Quadratic spectral concentration of characteristic functions

TL;DR

This paper investigates the spectral concentration inequalities of functions and their rearrangements, extending the range for characteristic functions and analyzing minimizers, with applications to trigonometric polynomials.

Contribution

It extends spectral concentration bounds specifically for characteristic functions and characterizes minimizers of spectral difference functionals.

Findings

Range of spectral concentration inequality extended to WT ≤ 4/3 for characteristic functions.

Identifies properties of sets minimizing the spectral difference functional.

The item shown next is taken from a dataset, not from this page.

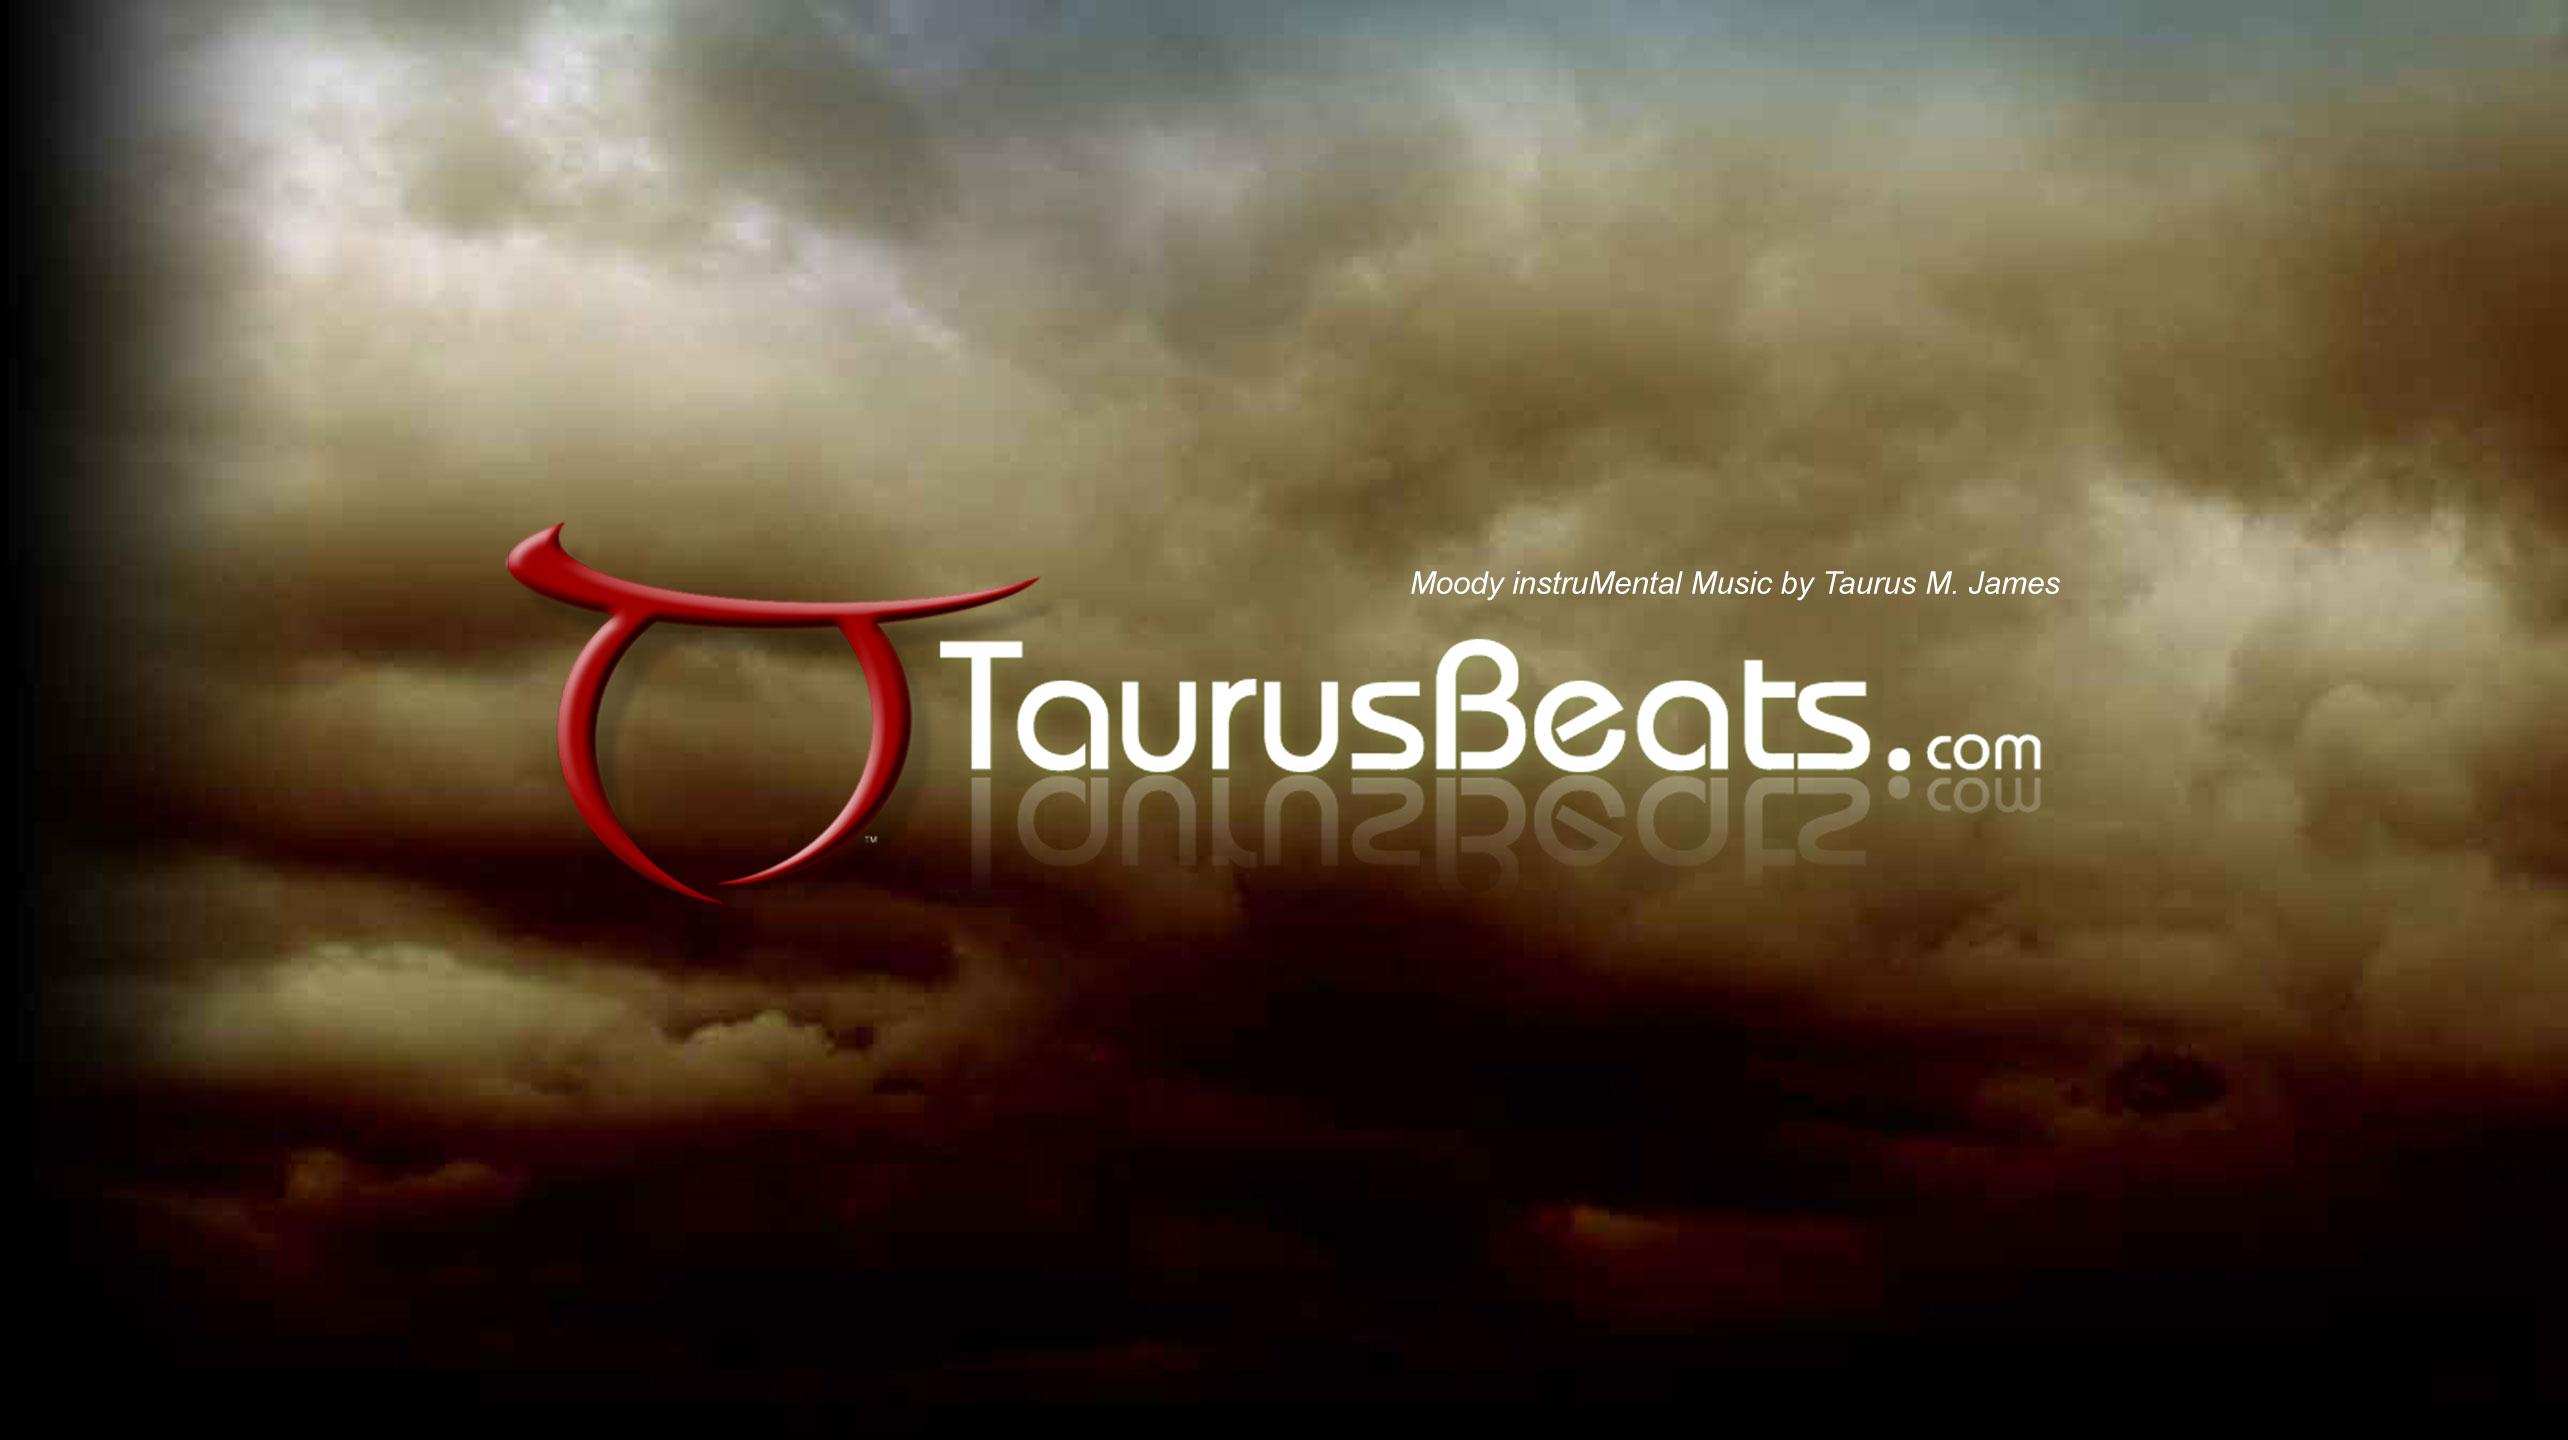 TaurusBeats video intro image of TaurusBeats.com logo in storm clouds

Provides sharp estimates for L2-norms of non-harmonic trigonometric polynomials with alternating coefficients.

Abstract

It is known that the inequality \begin{align*}\int_{-W/2}^{W/2}|\widehat{f}(\xi)|^2d\xi\leq \int_{-W/2}^{W/2}|\widehat{|f|^*}(\xi)|^2d\xi \end{align*} between the quadratic spectral concentration of a function and that of its decreasing rearrangement holds for any function $f\in L^2,\;|\text{supp} f|=T,$ if and only if the product $WT$ does not exceed the critical value $\approx 0.884$. We show that by restricting ourselves to characteristic functions we can enlarge this range up to $WT\leq 4/3$. Besides, we establish various properties of minimizers of the difference $\int_{-W/2}^{W/2}|\widehat{\chi_A^*}(\xi)|^2d\xi-\int_{-W/2}^{W/2}|\widehat{\chi_A}(\xi)|^2d\xi$ over sets $A$ of finite measure and prove that this difference is non-negative for all $W,T>0$ if $A$ is the union of two intervals. As a corollary, we obtain a sharp (up to a constant) estimate for the $L_2$-norms of non-harmonic trigonometric polynomials with alternating coefficients $\pm 1$.